During the day he goes to internet cafes, applies for jobs online and hands around CVs. “ ‘We’ll bear you in mind’: I hear that so much.”

What about returning to Lithuania? “There’s no hope there. I’ve no family there any more, no hope of starting over.” He says he is staying in Ireland, despite his circumstances. It’s a feeling held by nearly all the men in the hostel.

“I’ve been here nearly seven years,” says Andreas. “This is where I want to be. The past is gone now; now I look to what’s next. Soon I will get a place, an apartment, and sort it out.”

“No jobs here now, yes, but nothing in Slovakia. No hope,” says Ladislav. “Nothing to go back for, not for men like me.”

“There’s no point to try and start again now; it’s been too long,” says Damius. “When you start something you have to finish it.”

Home help Rising number of foreigners in need

The most recent figures available for the number of migrants accessing homeless services in Dublin are from 2008. A report that year, entitled Counted in 2008, identified 303 foreign nationals in the 2,366 people surveyed, and about 13 per cent of them responded to the question on country of origin. A further 444 did not state a nationality.

According to the report, “historically, Dublin has not had a large proportion of migrants experiencing homelessness. However, there is evidence that this situation is changing”.

People working in homeless services say the proportion of foreigners accessing services has increased significantly since then.

Focus Ireland and Merchant’s Quay jointly run a drop-in centre that provides free food in the evenings. The services manager, John O’Hare, says almost one in three users are non-Irish. “It’s 30 per cent or so now, and that has definitely increased in recent years,” he says.

Kerry Anthony, the chief executive of Depaul Ireland, says “more and more, it’s people from Eastern Europe and farther afield accessing services”. No figures broken down by nationality are available. In 2006, a report on service users from the 10 EU accession states found that 65 per cent were Polish, and it appears that figure remains broadly the same.
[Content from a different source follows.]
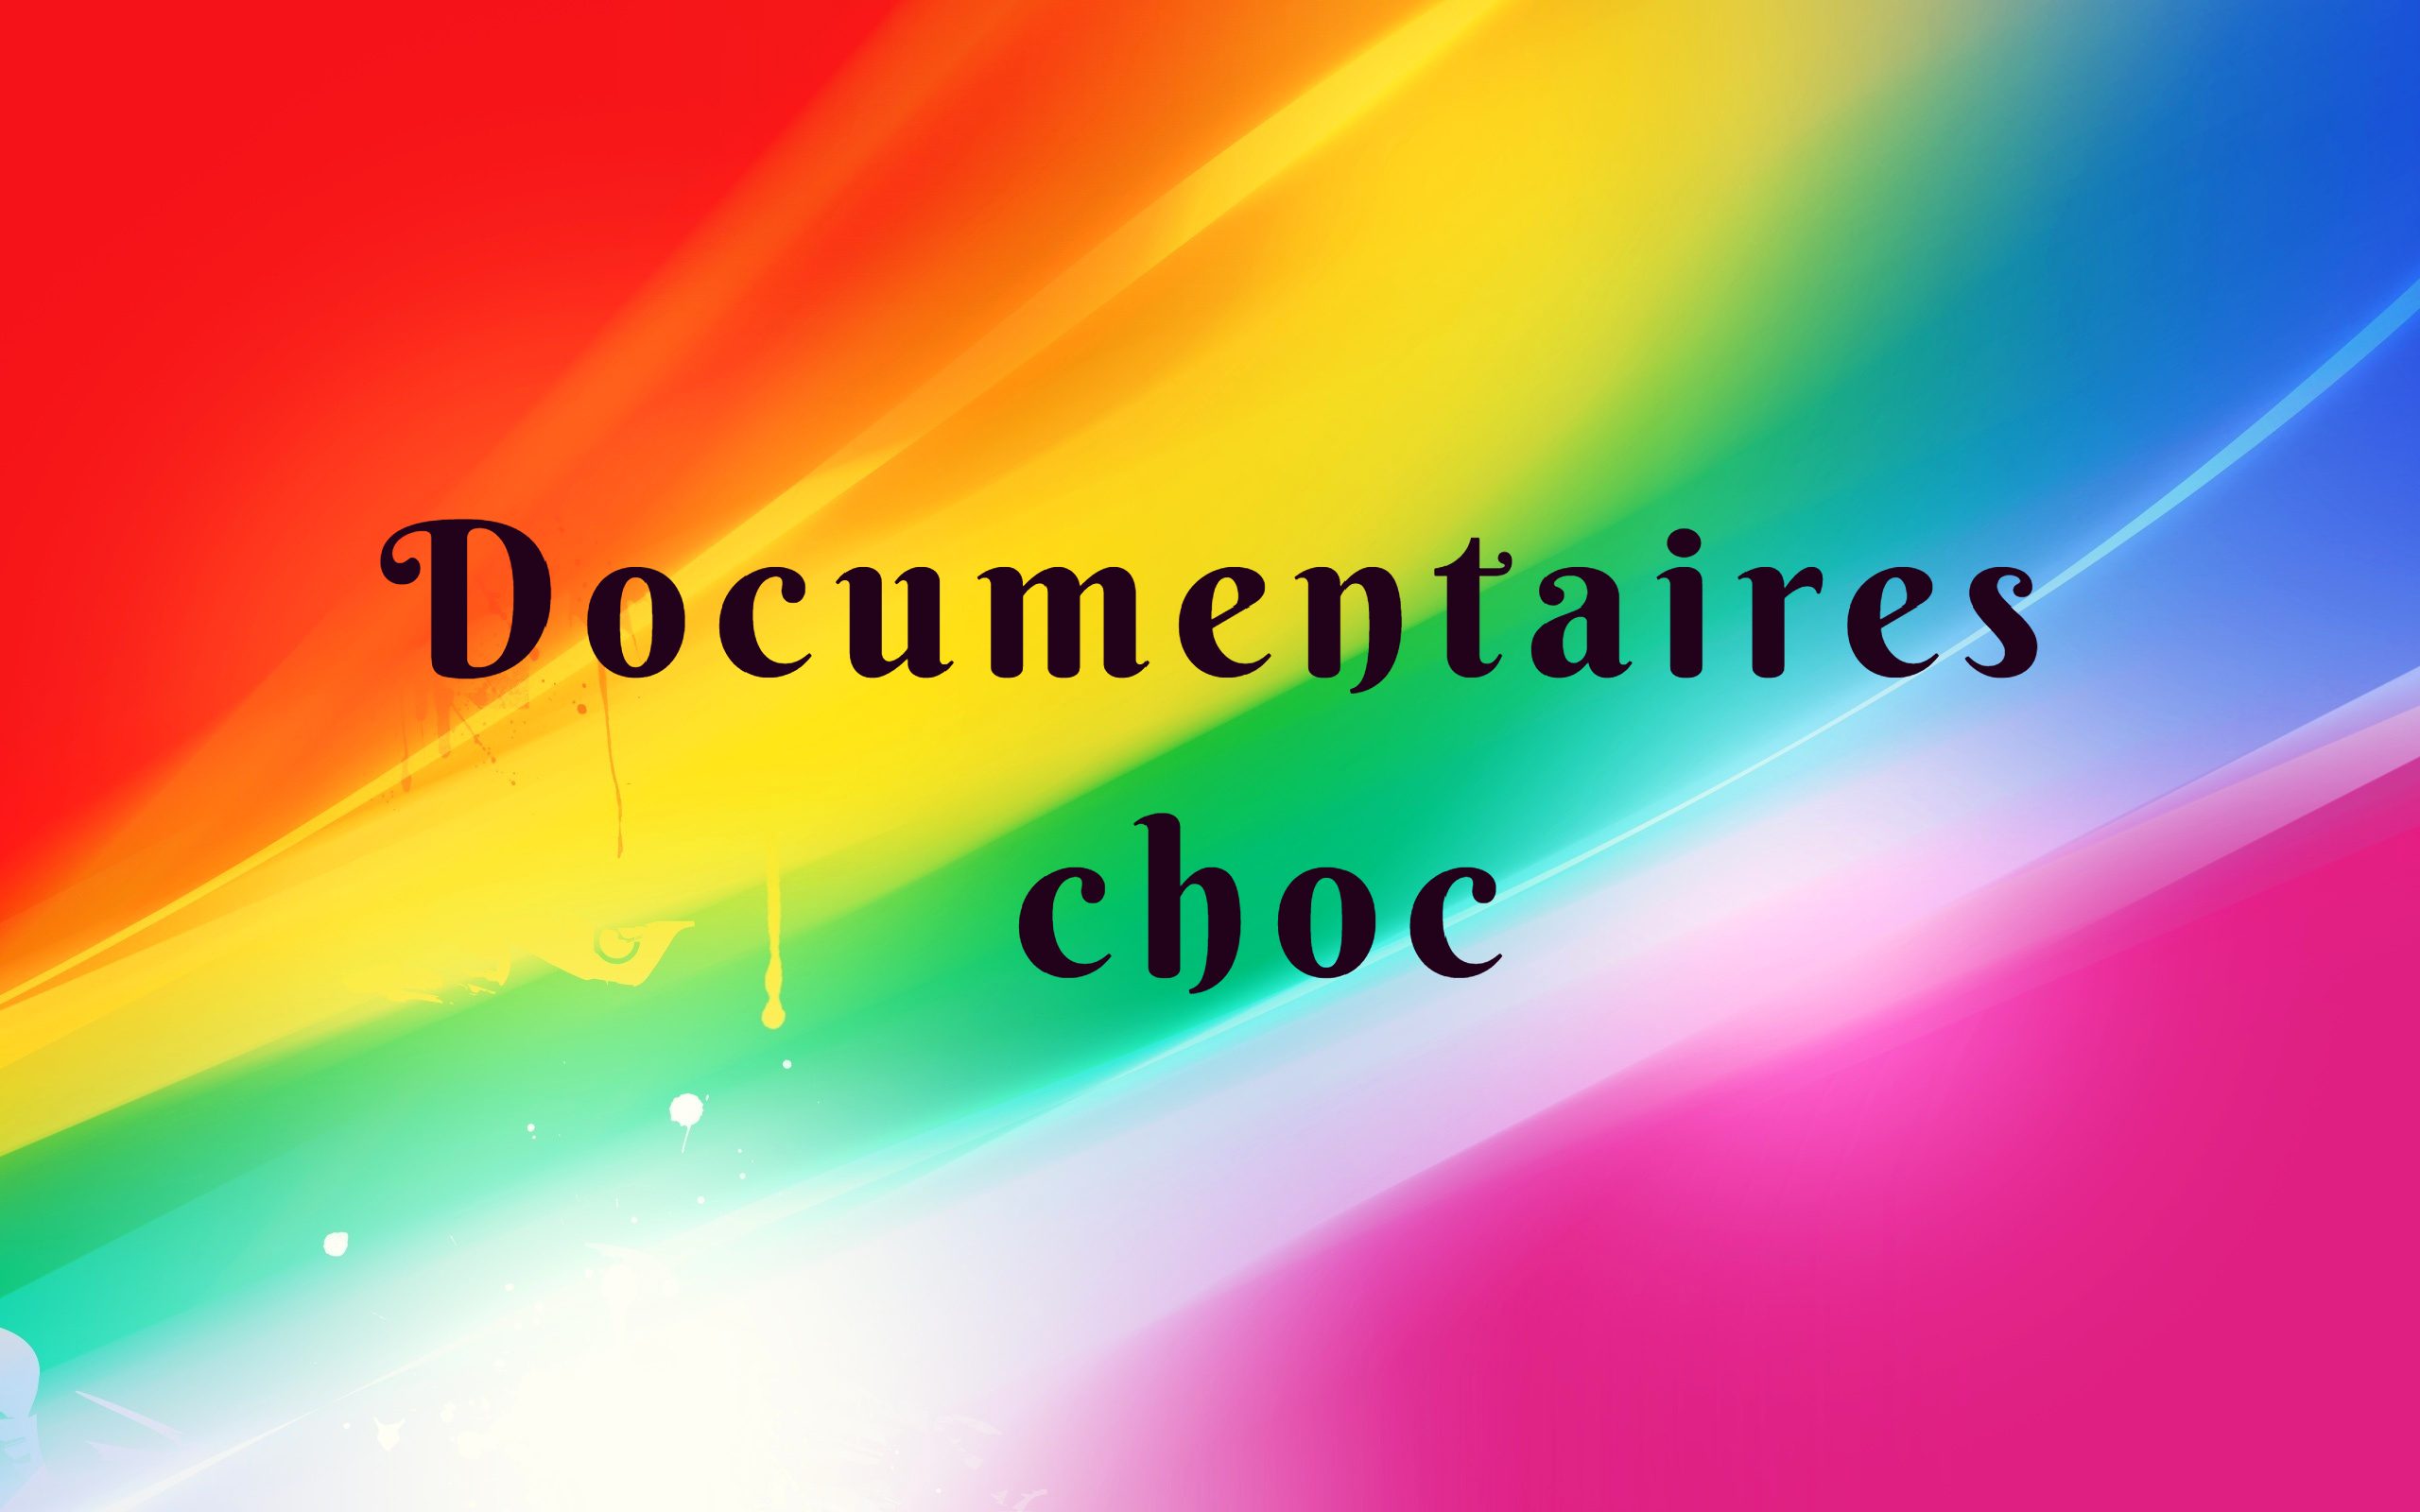 The Best Nation / Documentaires choc

The 2008 report also noted “serious concerns” about the proportion of migrants in the rough-sleeping population; 12 per cent of homeless migrants were sleeping rough, compared with 4 per cent of homeless Irish people. It also noted migrants face “multiple disadvantages” in getting out of homeless services. They are often not entitled to be on the housing list, nor to access longer-term housing, due to their social-welfare status.

“While hostels help people get inside and get a structure to their lives, they can only improve conditions in the short term,” says Anthony. “It’s important now that we look at ways of getting people into more long-term housing or work, or if they want, assist them in returning with dignity to their country of birth.”

Lisa Kelleher of the Dublin Region Homeless Executive, which has responsibility for overseeing homeless services in the capital, says the executive is committed to responding to the needs of migrants.

“We provide temporary accommodation to those who are in need, and we work with other service providers to try and establish status and eligibility, including referrals to the Department of Social Protection, for further action and decision,” she says.